A maioria das lojas oferece wi-fi (para quem quer utilizar a internet), e lugares confortáveis para sentar, mas o mais bacana desse café é que as comidinhas são muito gostosas e os preços, deliciosos. Se você quiser comer qualquer doce (scone, muffin, cupcake, log cake + bebida = €3.50). Agora se você não quer um docinho, mas quer um sanduíche, o pacote (sanduíche + bebida = €5.00), mas você não quer o sanduíche, porque as ciabbatas dos paninis é que chamaram a sua atenção? Não tem problema (Panini + bebida = €6.00)
Ah, lembrando que as bebidas podem ser tanto no tamanho pequeno ou grande (o preço do pacote sai o mesmo!)



Eu adoooro os paninis do Insomnia: O 
Piccantino Panini (como o próprio nome diz, é um pouquinho apimentado, mas muuuuito gostoso - salame, cheddar, tomate seco e maionese) e oClub Panini (peito de frango, bacon, tomate, emental e maionese) são meus favoritos.
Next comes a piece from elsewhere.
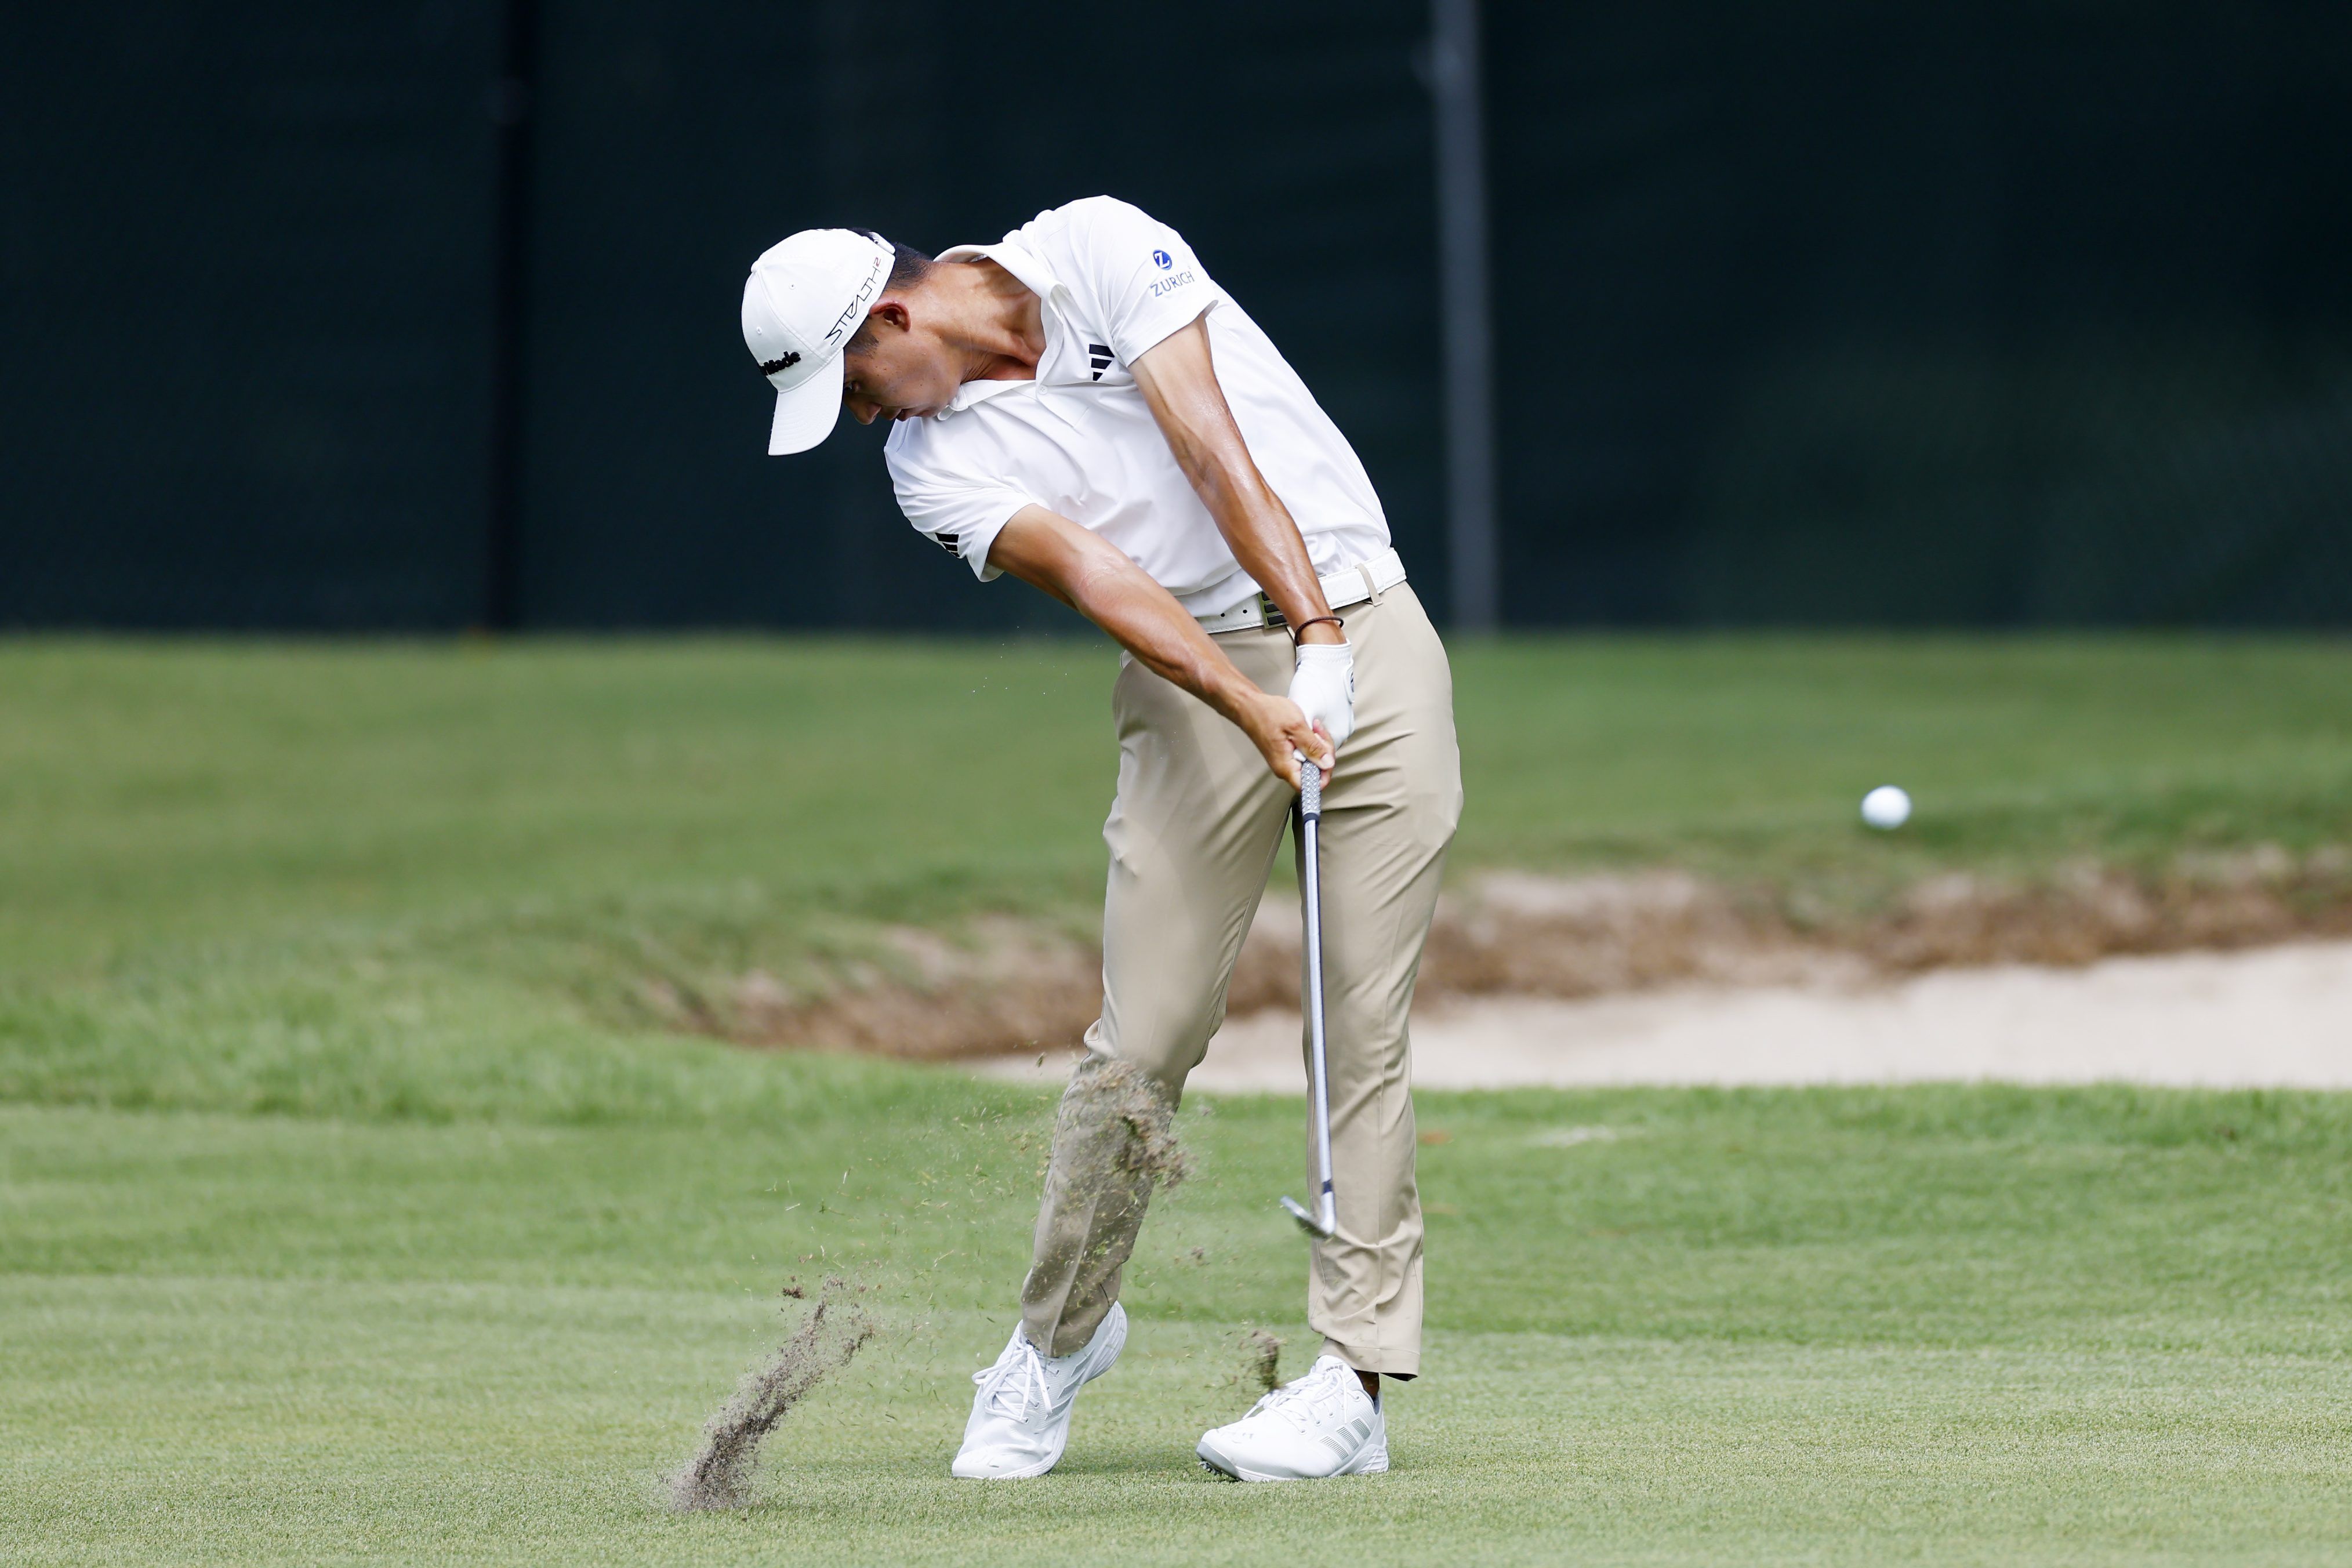 Collin Morikawa hopes sizzling 61 shows hes Ryder Cup ready, even if the gallery didnt seem impressed Golf News and Tour Information GolfDigest

Na semana passada experimentei um novo que é vegetariano, como molho pesto...ai, delícia!

Uma ótima pedida no horário do almoço sem quebrar o cofrinho.
Insomnia Coffee Company
www.insomnia.ie

Achado em Dublin: Stag's head

Há um pub bem tradicional aqui em Dublin que eu gosto muito, o Stag's Head.
Como me disseram uma vez , há uma variedade de pubs na Irlanda como há personalidades no mundo. Então cada pessoa se identifica com um tipo...se você não gostar desse, não desista, continue procurando e você encontrará aquele que será o seu querido.

source

O nome é obvio - Stag's Head - é "Cabeça de Cervo" e sim, há uma lá dentro (empalhada desde 1870). A fachada é discreta e a localização, escondidinha, mas esse pub é bem conhecido e tem uma ótima reputação. O Stag's Head ainda é um pub daqui, bem local, com muitos irlandeses. A atmosfera é aconchegante e você se sente como parte de uma família irlandesa - são as risadas, as pints sobre a mesa que fazem daqui um lugar ideal para happy hour. Os assentos de couro, os vitrais coloridos e o balcão de mogno vermelho (de Connemara) com topo de mármore lhe transportam para o meio do século 19. Se tiver uma tarde livre, compre um sanduíche, sente-se em uma poltrona e leia um livro acompanhado de uma pint de Guinness (bem ao estilo irlandês).
Sim, claro, aqui eles servem comidas também, mas como dizem, é comida de pub. Sanduíches e porções (tudo em conta e saboroso), o Stag's Head não desaponta nos quesitos qualidade e preço.Ande na Dame Street, sentido oposto à Trinity College do lado esquerdo da rua. Quando você vir o mosaico da Cabeça de Cervo no chão, vire à sua esquerda em um pequeno beco, passe o bequinho ele está lá, logo na saída do lado esquerdo.


É um prédio charmosinho, de três andares, a fachada é de granito com colunas de mármore. A música tradicional rola solta às quintas, sextas, aos sábados e domingos, tem uma área para festas, nos andares superiores. E se der uma apertada e você precisar usar o banheiro, não fique aflito, ele fica no andar de baixo...

Não percam a oportunidade de conheçer esse tesouro irlandês, que não fica no final do arco-iris, mas é uma preciosidade.


The Stag's Head
1 Dame Court
Dublin 2
www.thestagshead.ie
 Foi o primeiro pub como eletricidade em Dublin e James Joyce costumava frequentar o local.